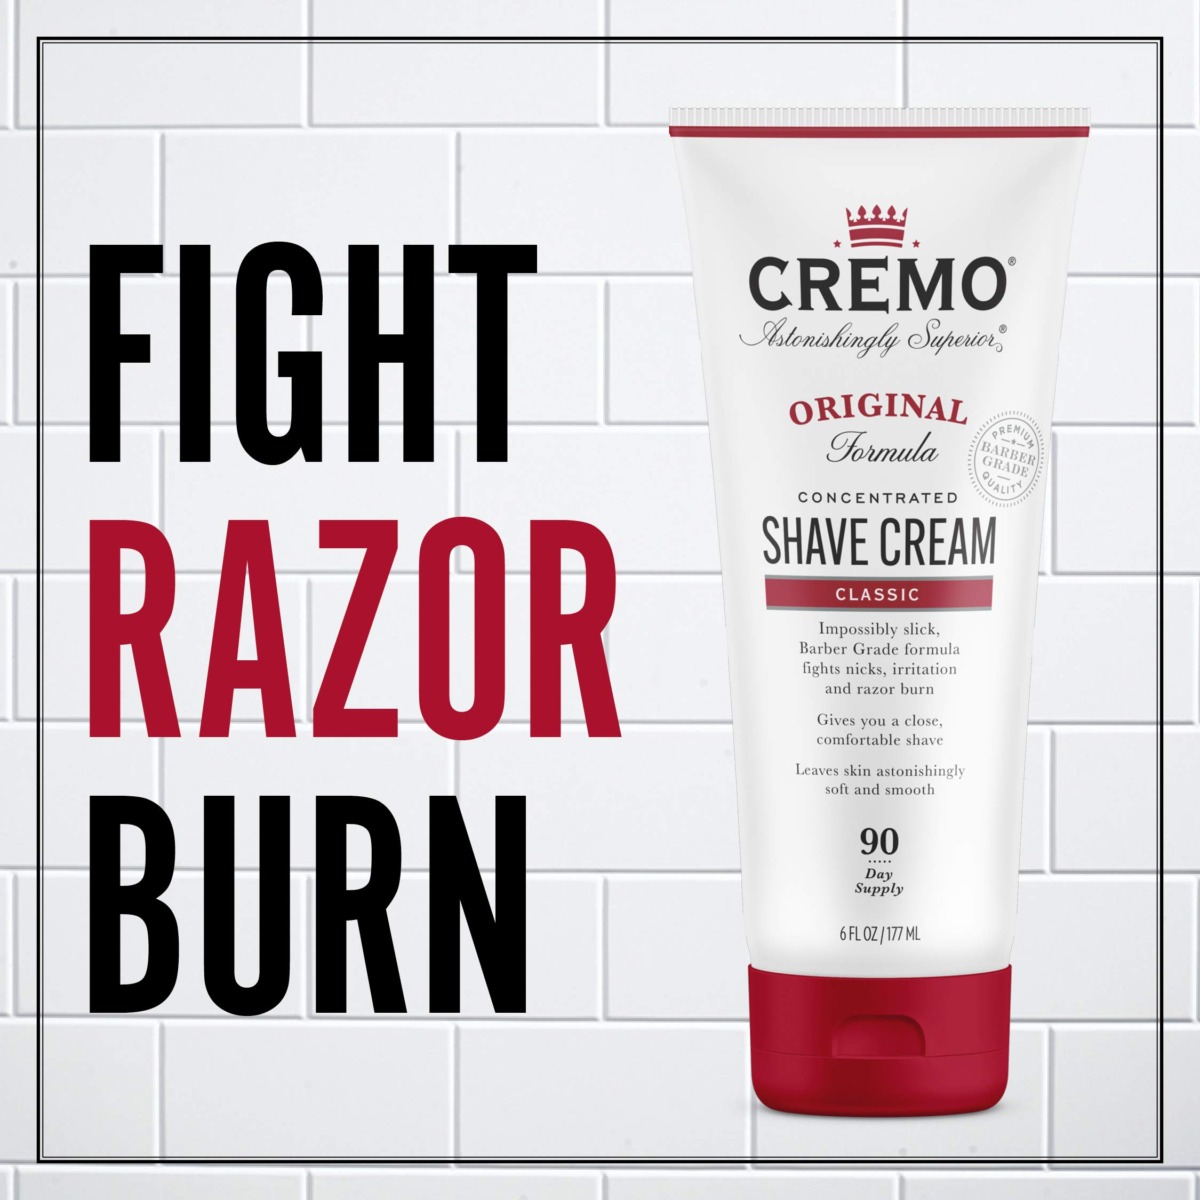 Cremo Barber Grade Original Shave Cream, Astonishingly Superior Ultra-Slick Shaving Cream Fights Nicks, Cuts and Razor Burn, 6 Fl Oz | The Storepaperoomates Retail Market - Fast Affordable Shopping
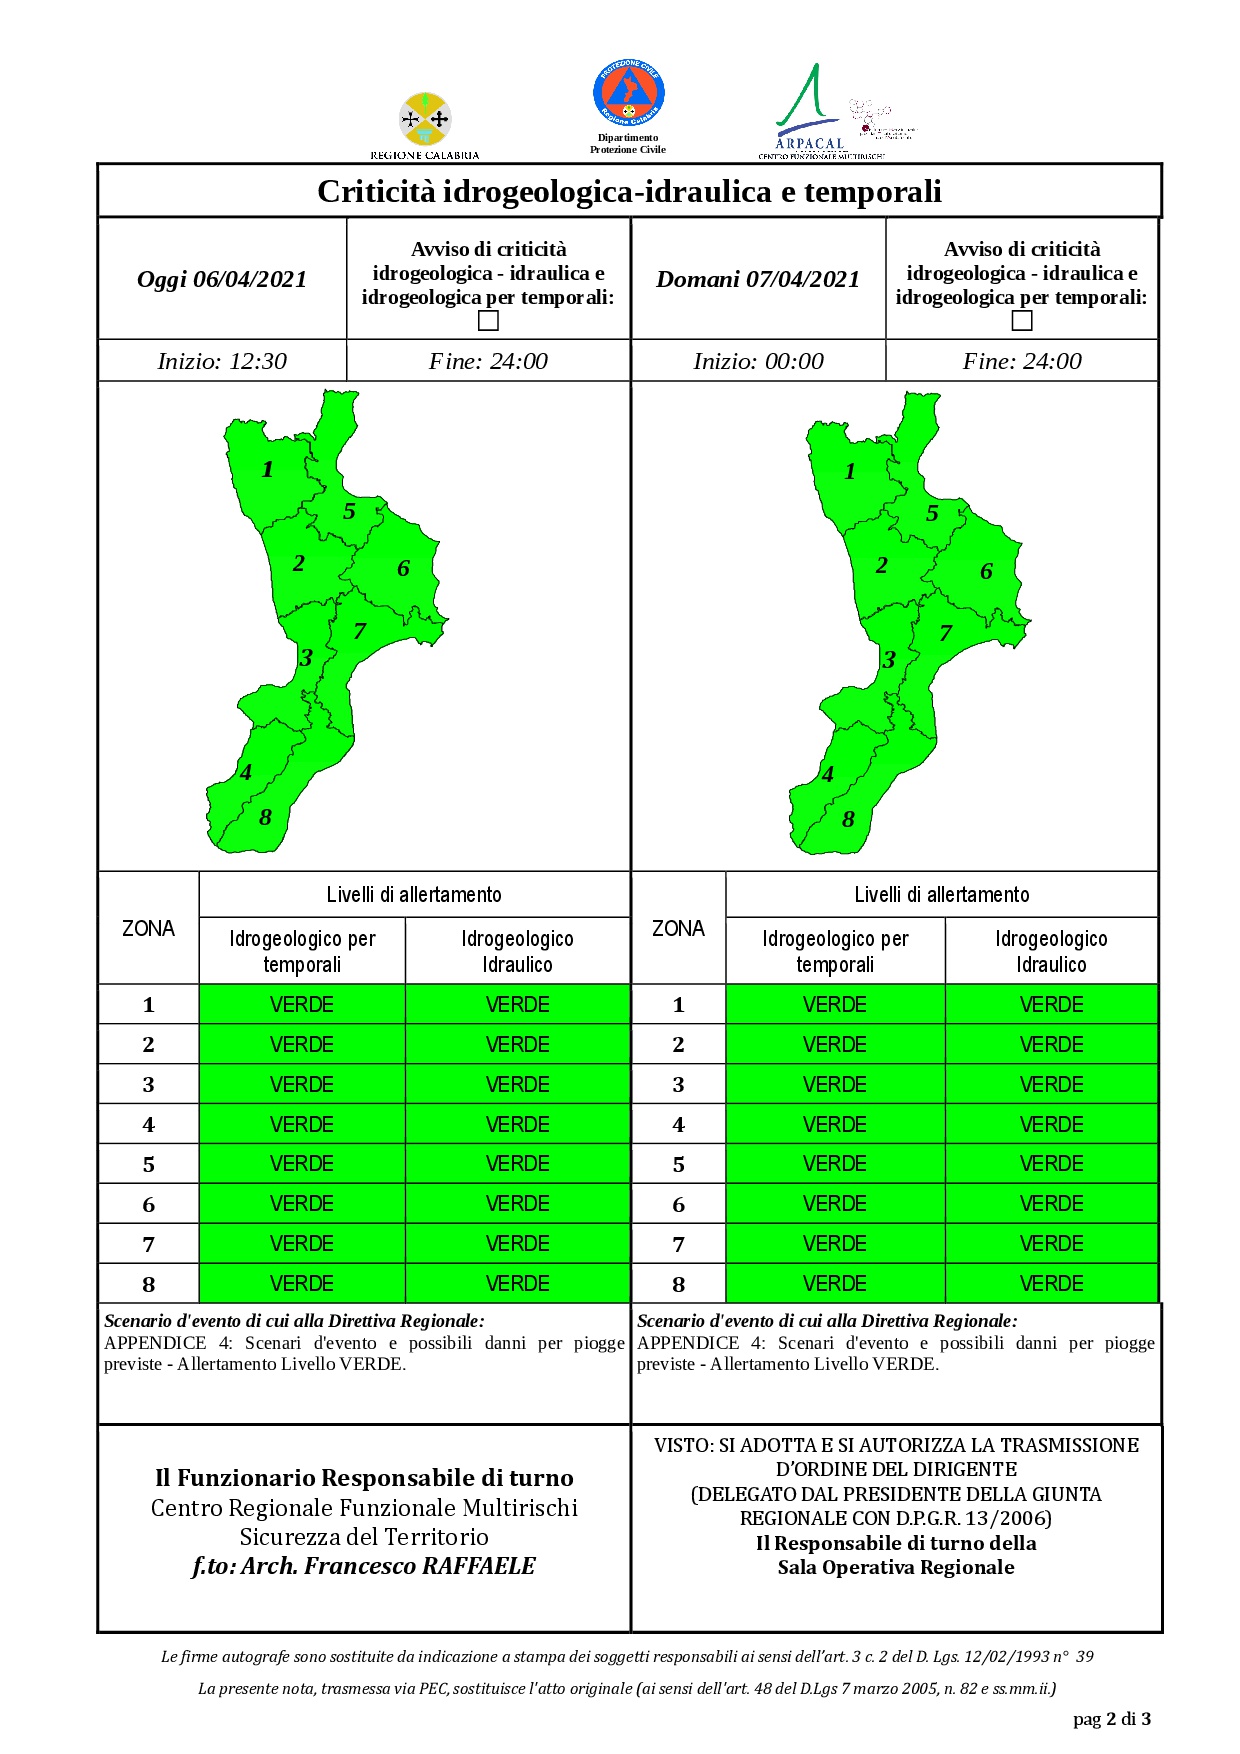 Criticità idrogeologica-idraulica e temporali in Calabria 06-04-2021
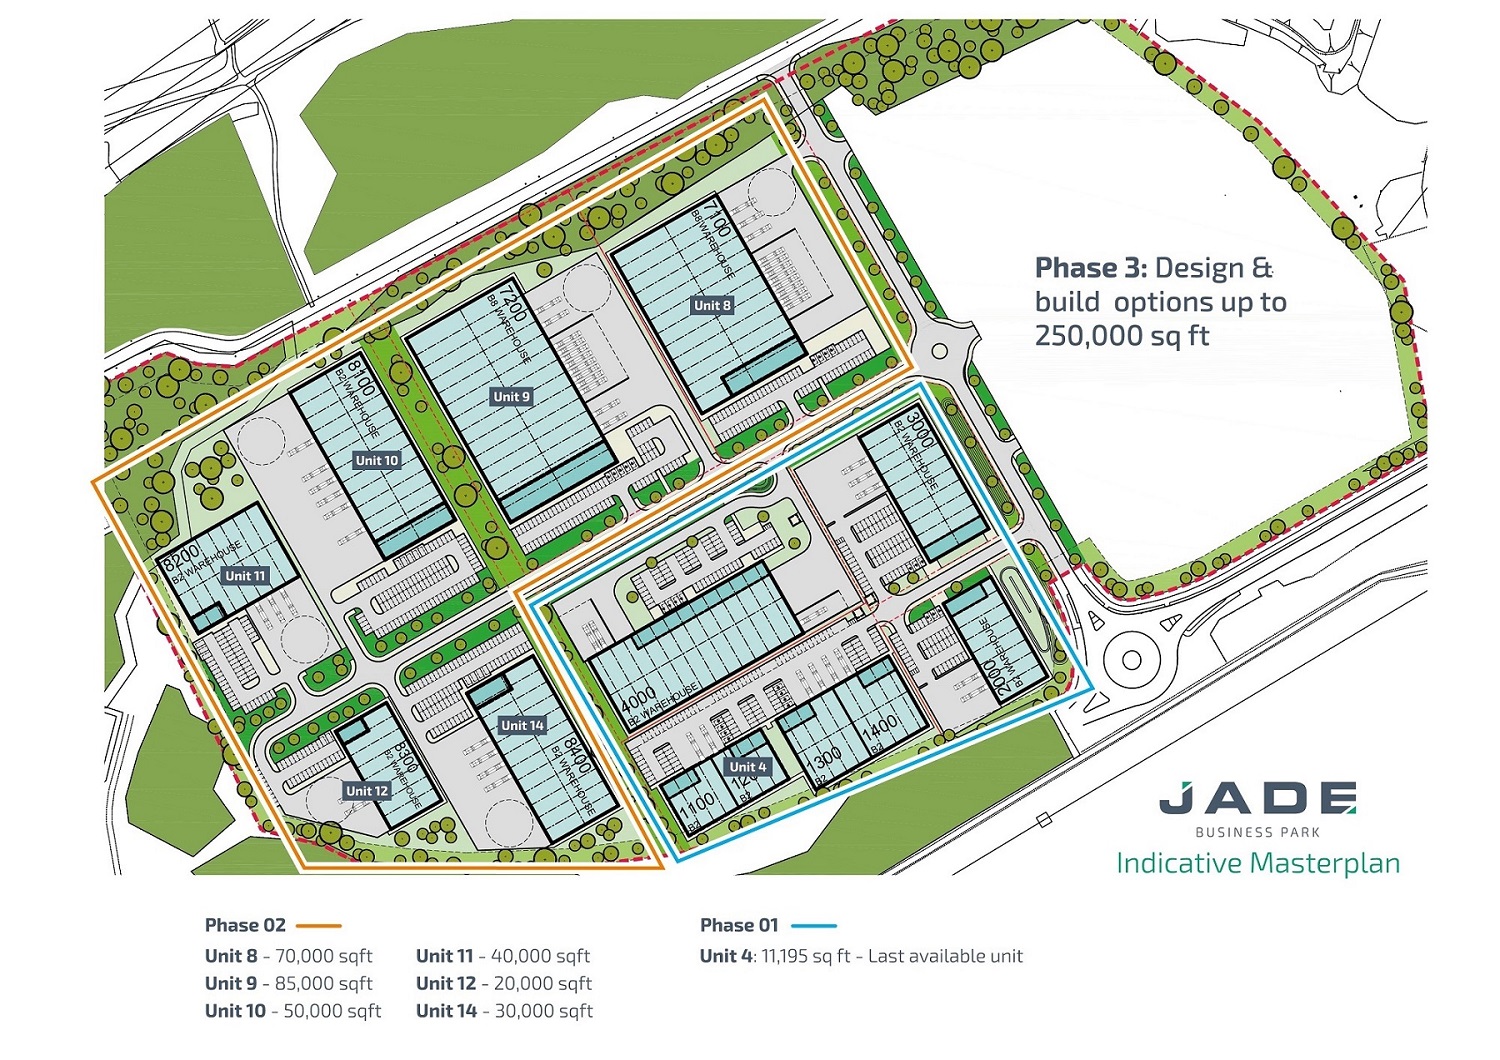 Jade Business Park Indicative Masterplan

**********

▸ **What the task requires**
Your reply should consist solely of the lines from the one containing "Criticità idrogeologica-idraulica e" through the last line of the material, reproduced exactly and without pictures.

▸ **Expected output**
 Criticità idrogeologica-idraulica e temporali in Calabria 06-04-2021
 Jade Business Park Indicative Masterplan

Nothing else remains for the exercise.